— Exercise requirements —
The line with "Fleet of World" marks the first line to copy, and the line with "Casa dulce hogar" marks the last. Transcribe that stretch of the data below exactly, without pictures.

— Task material —
-- -- --

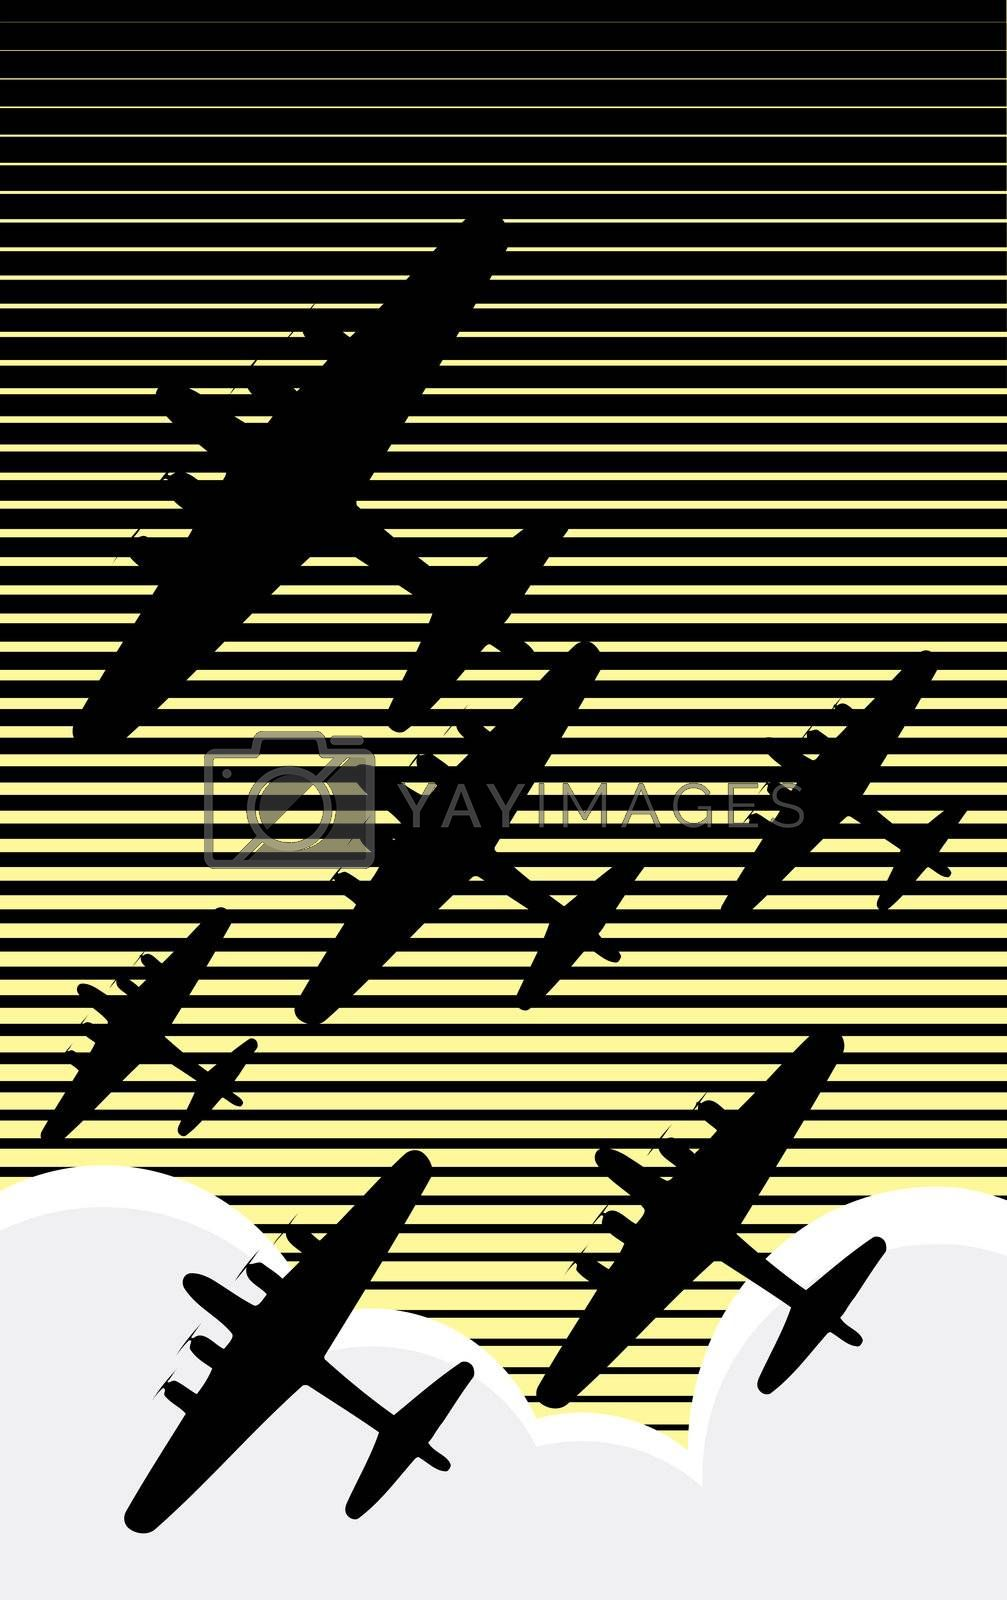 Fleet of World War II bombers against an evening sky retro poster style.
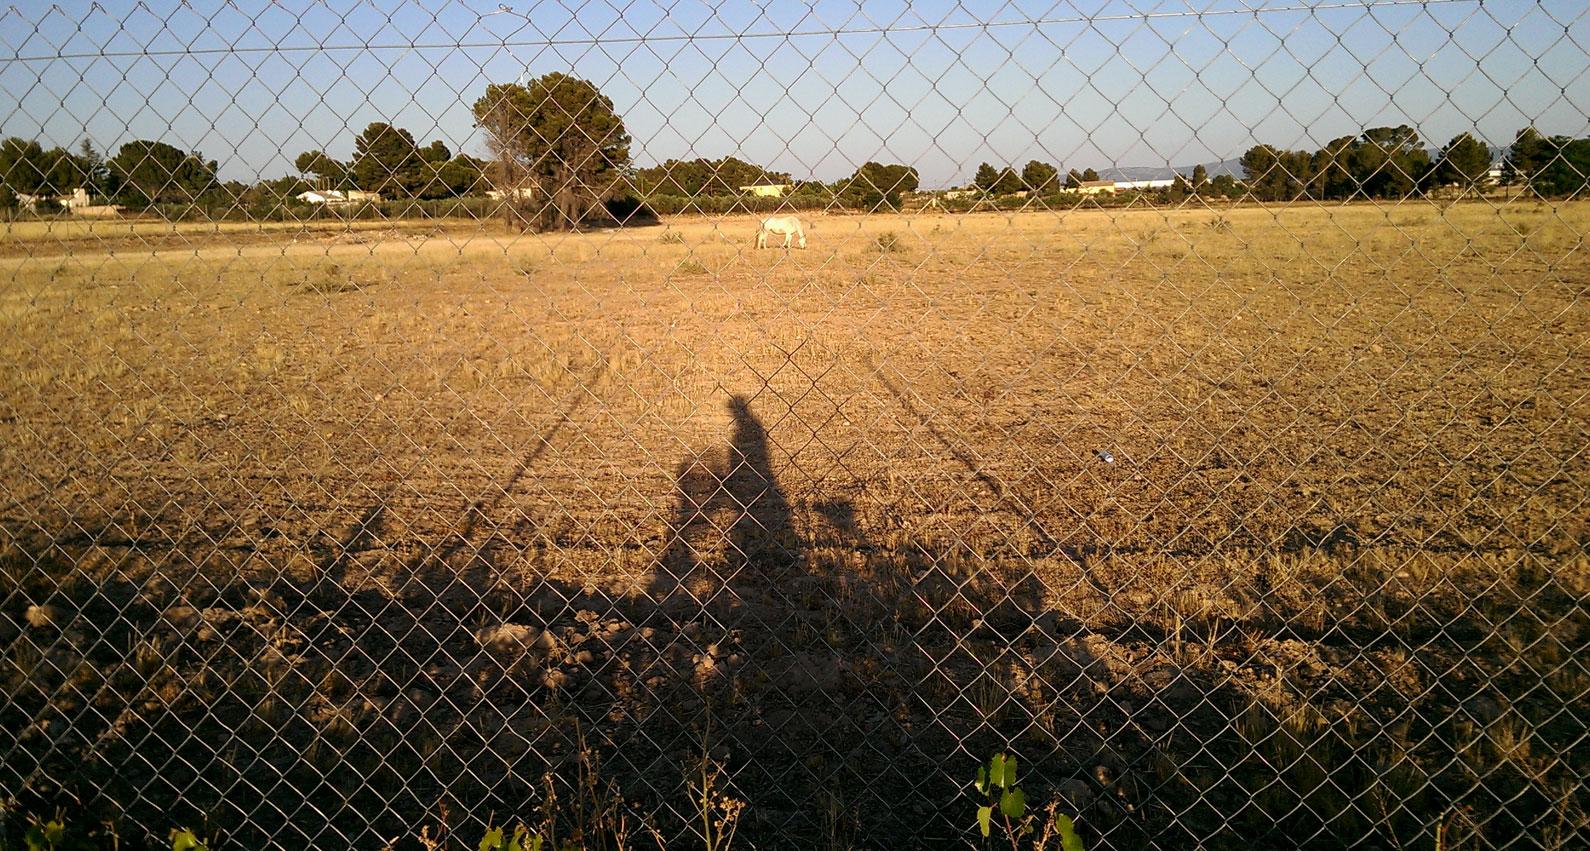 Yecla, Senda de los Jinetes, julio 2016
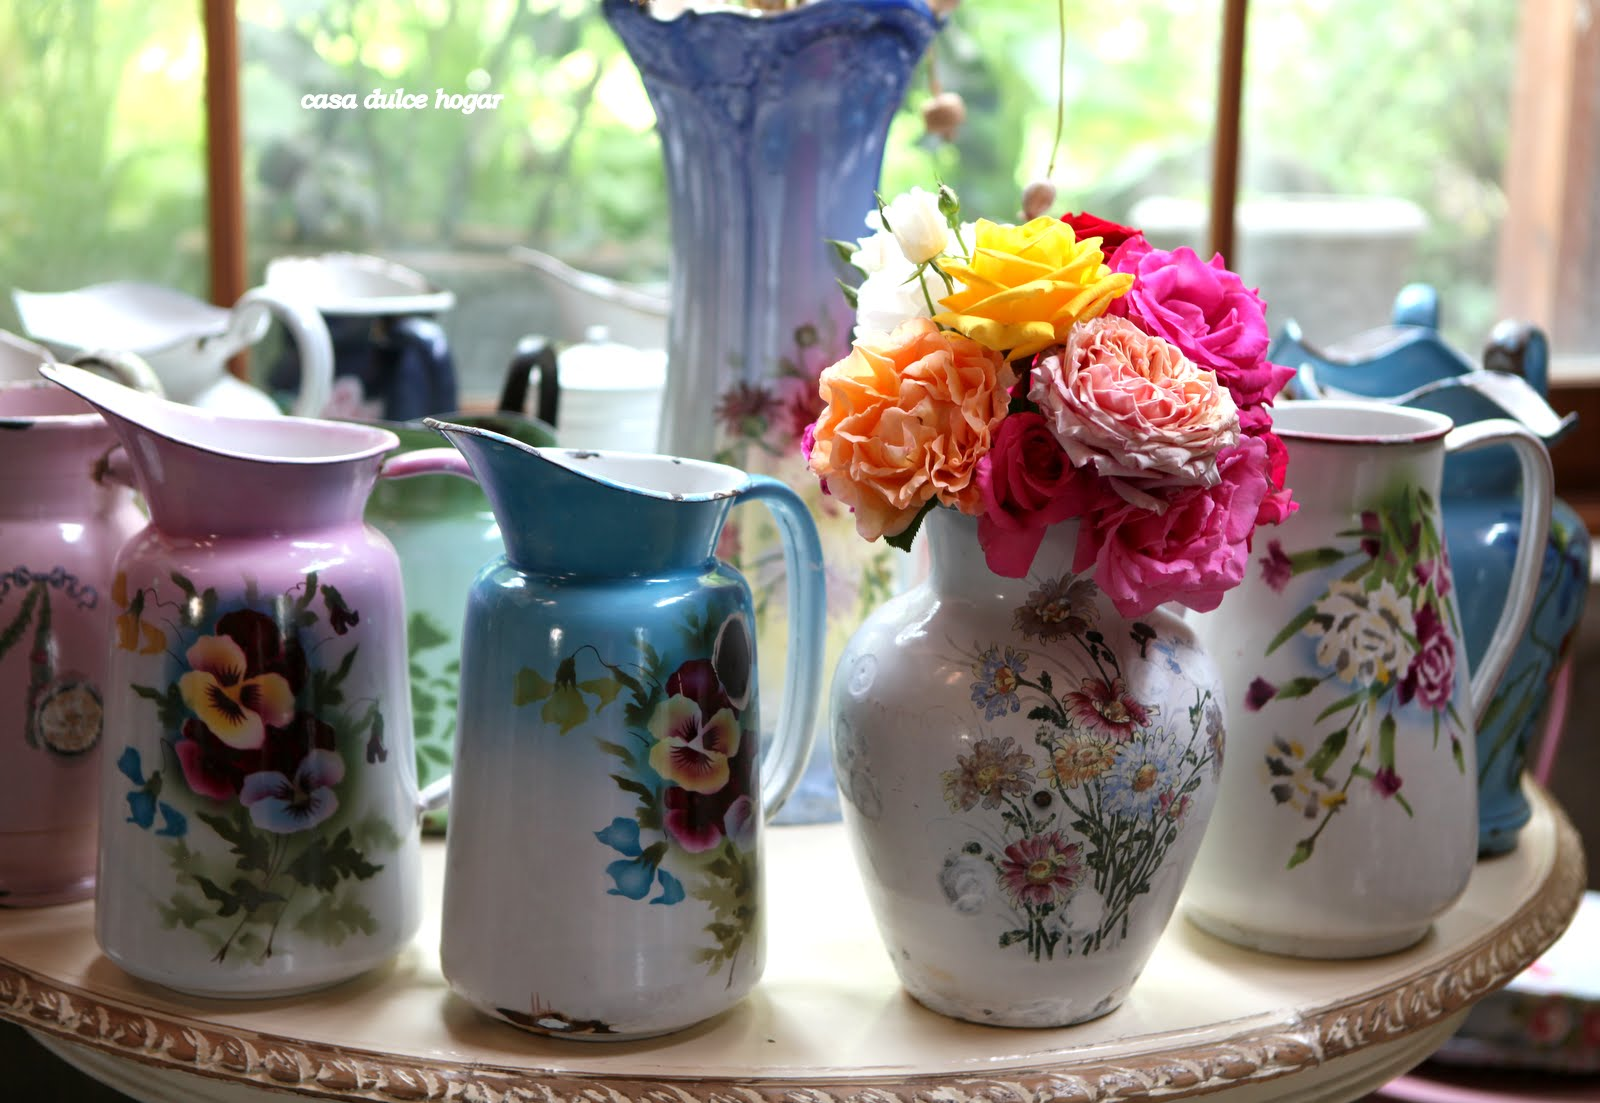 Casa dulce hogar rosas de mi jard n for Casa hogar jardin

-- -- --

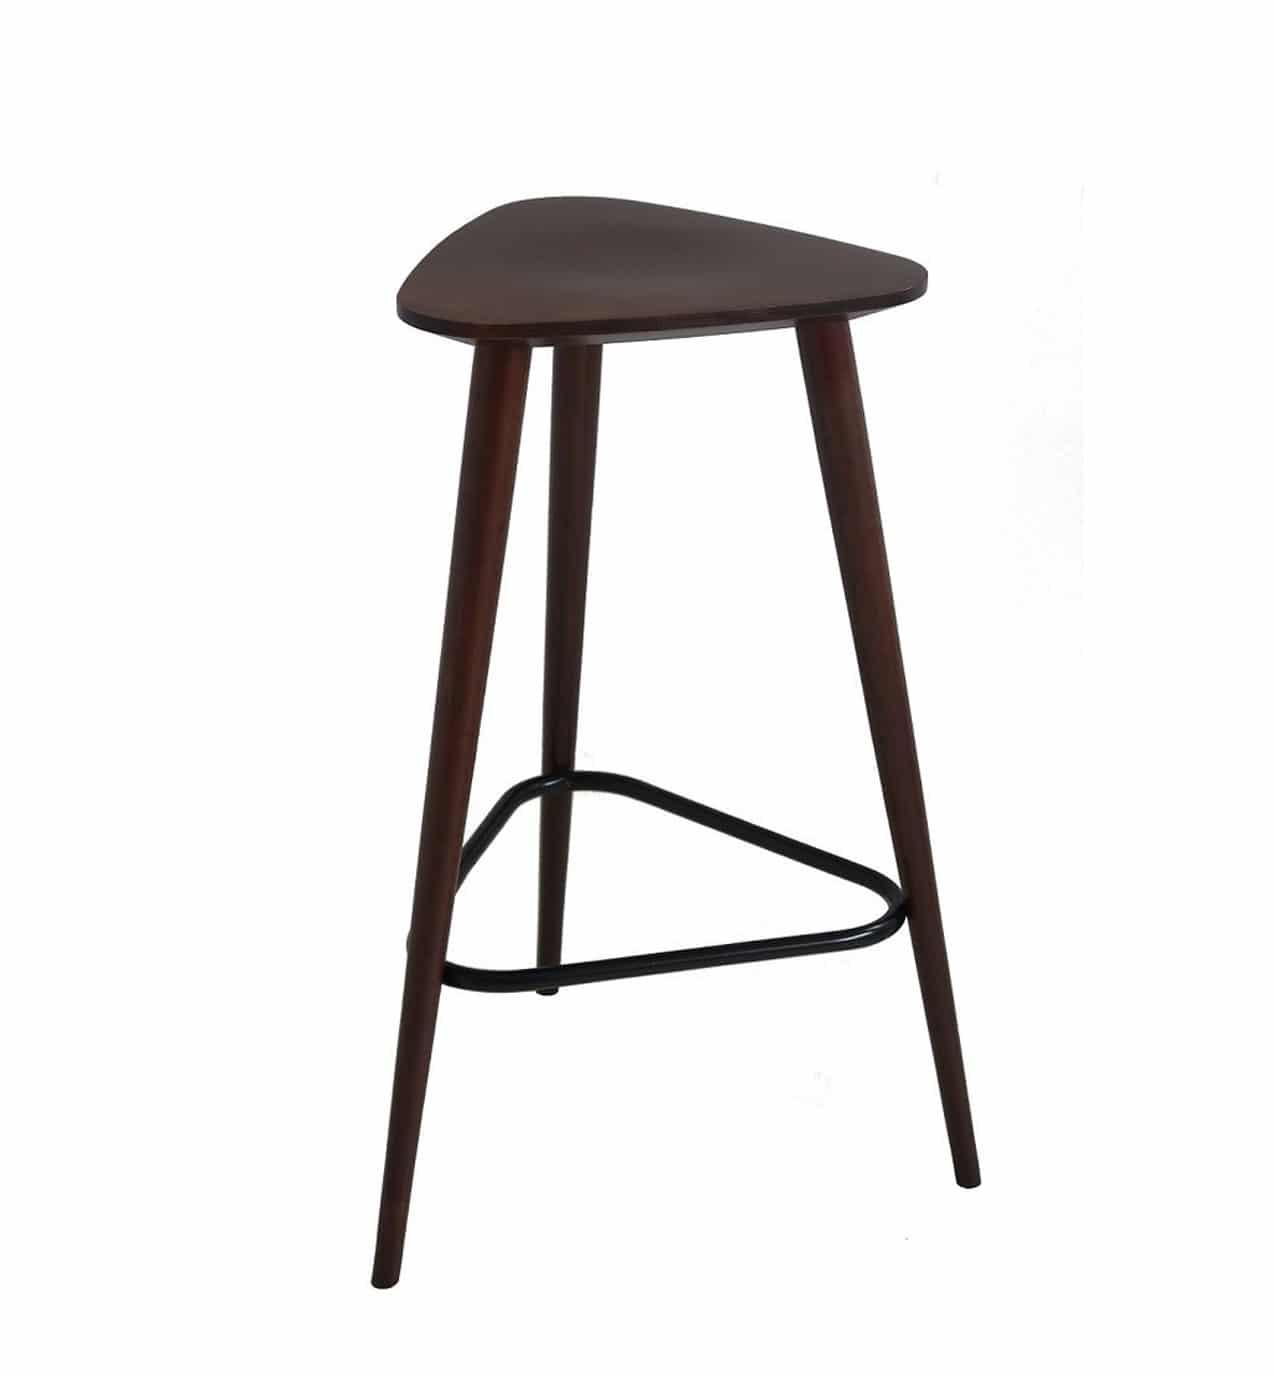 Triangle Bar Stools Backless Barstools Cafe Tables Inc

-- -- --

— Exercise answer —
 Fleet of World War II bombers against an evening sky retro poster style.
 Yecla, Senda de los Jinetes, julio 2016
 Casa dulce hogar rosas de mi jard n for Casa hogar jardin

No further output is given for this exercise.